Wednesday, November 10, 2010

China's Environmental Woes Are Diverse, Numerous, and Mighty

For anyone that isn't as aware of China issues as I am, China has some serious environmental problems.

Dai Qing is one of the main spokespeople as to the environmental disaster that is contemporary China, and although she is most famous for her activism against the Three Gorges Dam, she seems to be widely knowledgeable about other environmental issues in China as well. She was recently profiled at The Globe and Mail, and the quotes taken from her pretty much give a accurate brief overview of China's current environmental situation:
The cost includes environmental devastation on a massive scale. Eighty per cent of the country’s rivers and lakes are drying up, she says. Sixty per cent of the water in seven major river systems is unsuitable for human contact. A third of the land is contaminated by acid rain. Two-thirds of the grassland have become desertified, and most of the forest is gone. Forty per cent of the arable land has been degraded by fertilizers and pesticides. Of the world’s 20 most polluted cities, 16 are in China.
Although there is little doubt among the general public that this disaster is a result of China's hyper-speed modernization and industrialization, academics and China hands are often aware that one of the most influential men of the 20th century (who happened to have one of the highest kill counts too, although I think Stalin and Hitler get more air-time in the U.S.) also had a decent role to play in raping and pillaging the lands of China.



Although the environmental catastrophe of modern China is fairly widely known and felt (even California suffers as a result), the origins of this situation well predate the founding of the P.R.C. in 1949. In a paper titled The Environmental Legacy of Imperial China Mark Elvin lays out some of the environmental challenges that Imperial China faced. Although I have not read it (yet!), Elvin apparently goes into far more detail in his book on the environmental history of China.


In other recent news that I have seen concerning China's environment, In the capital of the southern province of Guangdong, the government officials apparently are doing everything they can in order to clean things up for the 2010 Asian Games, the biggest multi-sporting event in the world after the Olympics. In the China Daily (a newspaper owned by the Communist Party of China, and often seen as the official mouthpiece of the P.R.C. government), a professor of the Chinese Academy of Agricultural Sciences (CAAS) claimed that a "5 to 10 percent crop loss is foreseeable by 2030 if climate change continues." He also states that the production of "rice, wheat and corn may suffer a 37 percent decline." A Greenpeace report on food security in China make the claim that China may lack a sufficient food supply for its population by 2030, and "loss of arable land and water scarcity will cut China's overall food production by up to 23 percent by 2050." Food concerns may be an increasing problem in the coming decades for China if climate change really does affect East Asia in the way that it has been predicted:
Credit where credit is due: I got the image from Sean Bennett, but I do not know where it is originally from.
However, the world need not fear climate change: We can save most of the world by blowing up select portion of it!

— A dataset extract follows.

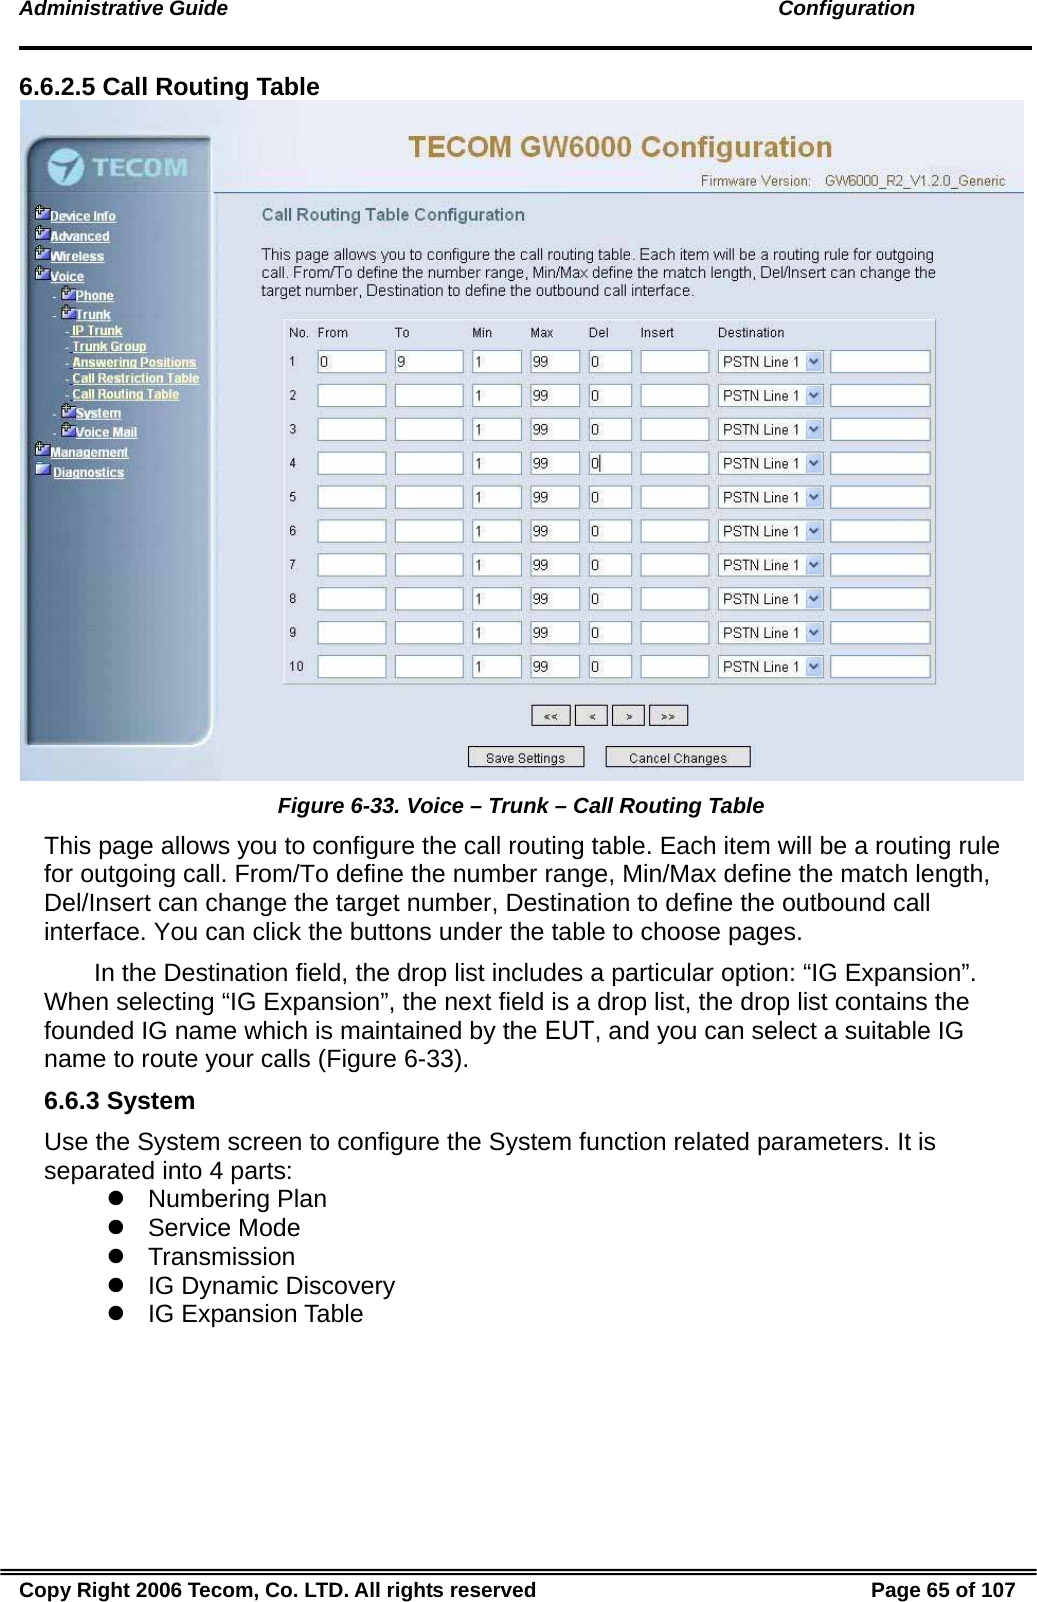 Administrative Guide                                                                                               Configuration 6.6.2.5 Call Routing Table  Figure 6-33. Voice – Trunk – Call Routing Table This page allows you to configure the call routing table. Each item will be a routing rule for outgoing call. From/To define the number range, Min/Max define the match length, Del/Insert can change the target number, Destination to define the outbound call interface. You can click the buttons under the table to choose pages.      In the Destination field, the drop list includes a particular option: “IG Expansion”. When selecting “IG Expansion”, the next field is a drop list, the drop list contains the founded IG name which is maintained by the EUT, and you can select a suitable IG name to route your calls (Figure 6-33). 6.6.3 System Use the System screen to configure the System function related parameters. It is separated into 4 parts: z Numbering Plan z Service Mode z Transmission z  IG Dynamic Discovery z IG Expansion Table Copy Right 2006 Tecom, Co. LTD. All rights reserved  Page 65 of 107

Well... kind of. Apparently volcanic explosions have the effect of lowering global temperatures,

and through "geoengineering interventions" human beings could replicate similar effects. At least that is what a recent piece over at the Yale Global Online says. It could be an ingenious way to re-balance an over-heated planet, but it would be treating the symptoms (global warming) rather than the root of the problem (a civilization which is highly dependent of emitting toxic substances). I am also concerned about the possibilities of human being tampering with things that are incredibly complicated and effectively unpredictable. However, I would have to do loads more research on geoengineering and its possible uses to mitigate climate change before forming an educated opinion. For now I will just categorize it away in my brain as an interesting, novel, and potentially disastrous or wondrous method of destroying or saving humanity.


On a lighter note, here is a page I found about dancing presidents. Sometimes I have trouble believing that the brilliant minds who write for FP also put up such goofy things as that. But that is nothing compared to the most sex-ready Obama that you have ever seen (unless you are Michelle Obama). I had no idea he was such a sought after "partner" in China.

EDIT: Another China environment story in the CSM about a city that is trying to get clean.